同党のコービン党首はこのマニフェストについて「過去数十年で最も急進的で野心的な計画」と説明。「一部ではなくすべての人のための国へと、英国を一変させるチャンスだ」と強調した。
同党は、キャピタルゲイン税の課税水準を所得税と同等にすることにより年140億ポンドを調達するほか、金融取引税の拡大により年88億ポンド、多国籍企業への課税方式の変更により年58億ポンドをそれぞれ調達する方針。法人税率は19%から26%に引き上げる。このほか、与党・保守党による相続税減税の撤回や、私立学校の授業料へのVAT(付加価値税)課税、セカンドホームへの新税を打ち出している。
石油企業への新税は、石油産業の労働者3万7,000人をクリーン経済への移行に向け再訓練するための原資とする。また、借入金により総額2,500億ポンドの「グリーン転換基金」を設立し、2030年までに炭素排出量の大部分を削減することを目指すとしている。同党は9月の党大会で、同年までの排出量実質ゼロ化を打ち出していたが、労組などの抵抗により、表現を曖昧化した格好だ。

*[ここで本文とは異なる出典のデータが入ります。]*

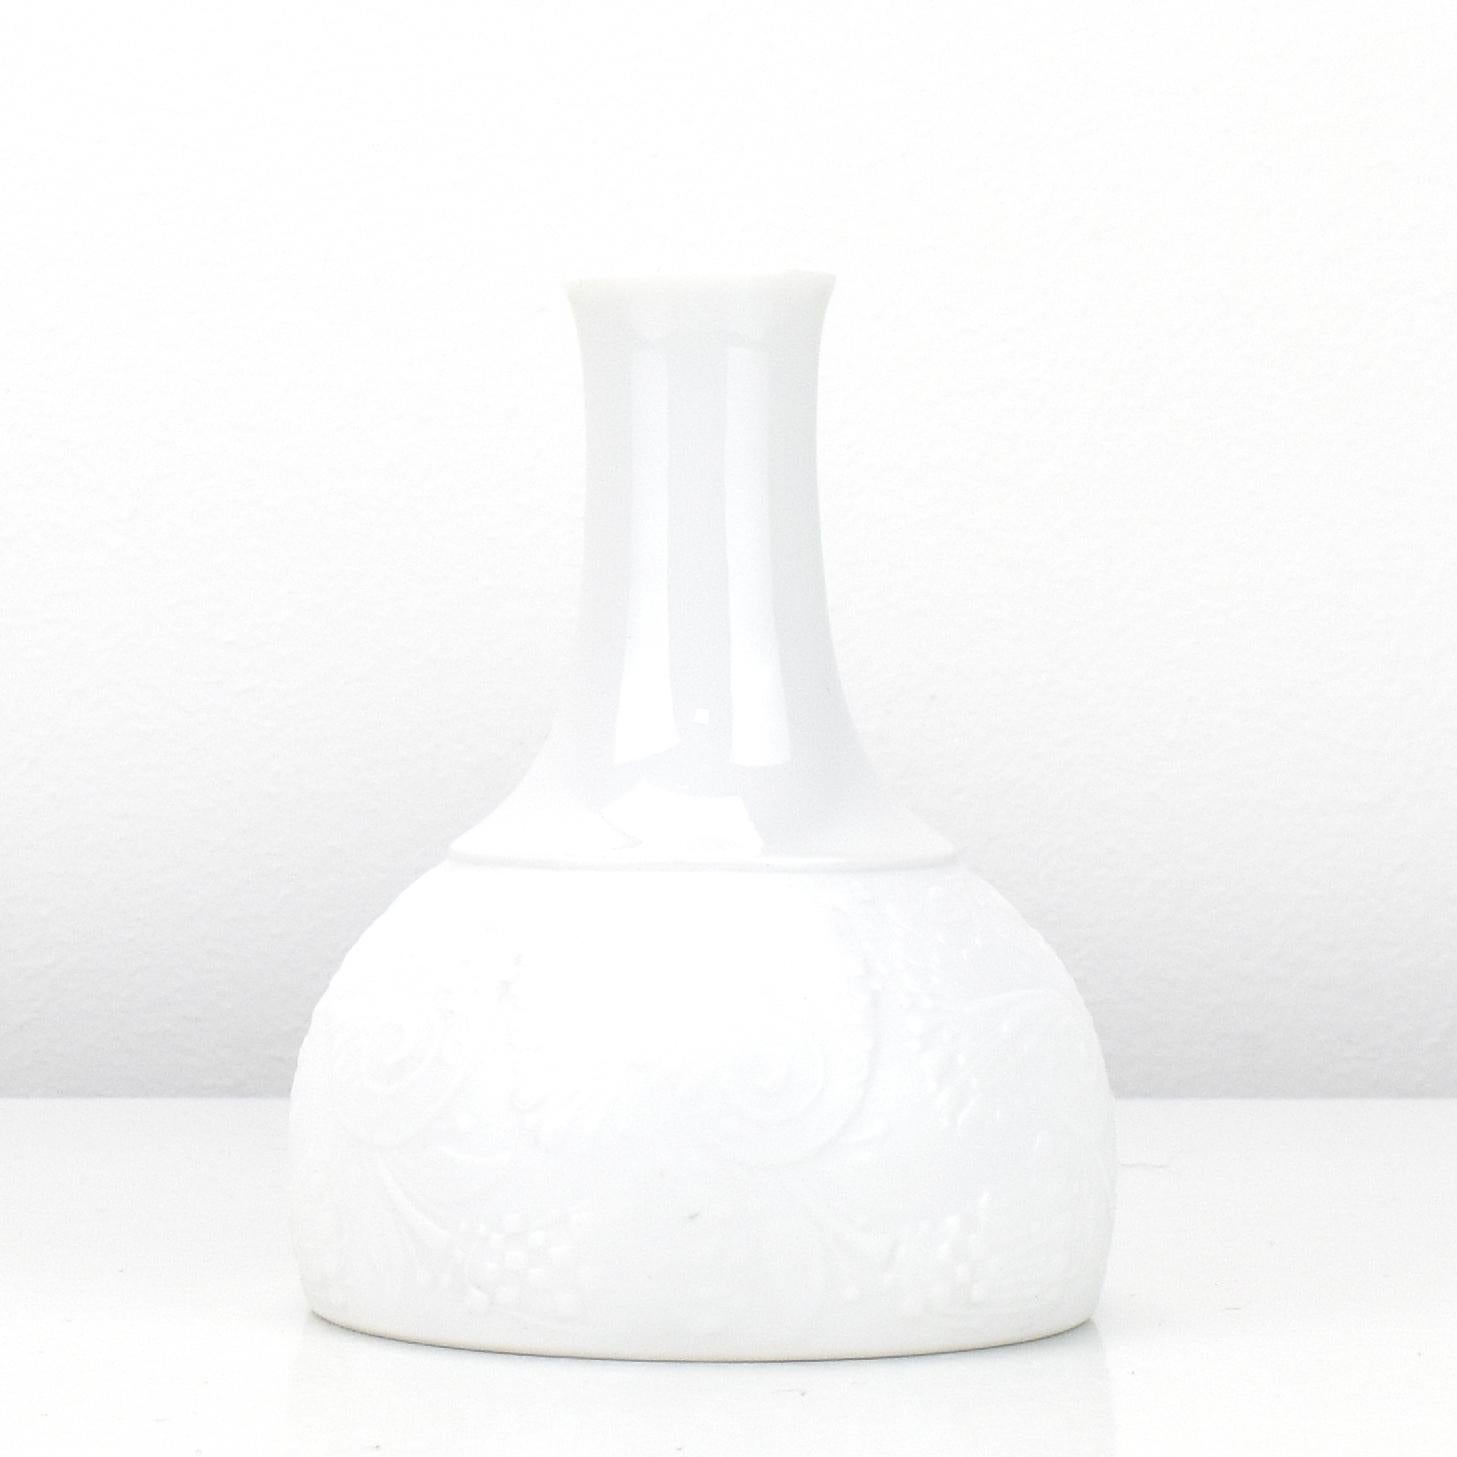 Unglazed Björn Wiinblad Vase White Porcelain Rosenthal Studio-line Germany Dove Pattern For Sale

マニフェストでは、通信大手BTグループのオープンリーチ部門などを国有化し、光ブロードバンド・サービスを無料提供することや、時給10ポンドの「実質生活賃金」を導入することも公約とした。
欧州連合(EU)離脱については、離脱協定の再交渉を行い、より緊密なEU関係を盛り込んだうえで、「法的拘束力を持つ」国民投票を行うとしている。